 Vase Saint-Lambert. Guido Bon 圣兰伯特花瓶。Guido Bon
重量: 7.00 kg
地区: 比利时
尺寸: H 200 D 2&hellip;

■ **WHAT NEEDS TO BE DONE**: Write the data above out again in full, with every word as given.

■ **ANSWER TO THIS TASK**:
 Vase Saint-Lambert. Guido Bon 圣兰伯特花瓶。Guido Bon
重量: 7.00 kg
地区: 比利时
尺寸: H 200 D 2&hellip;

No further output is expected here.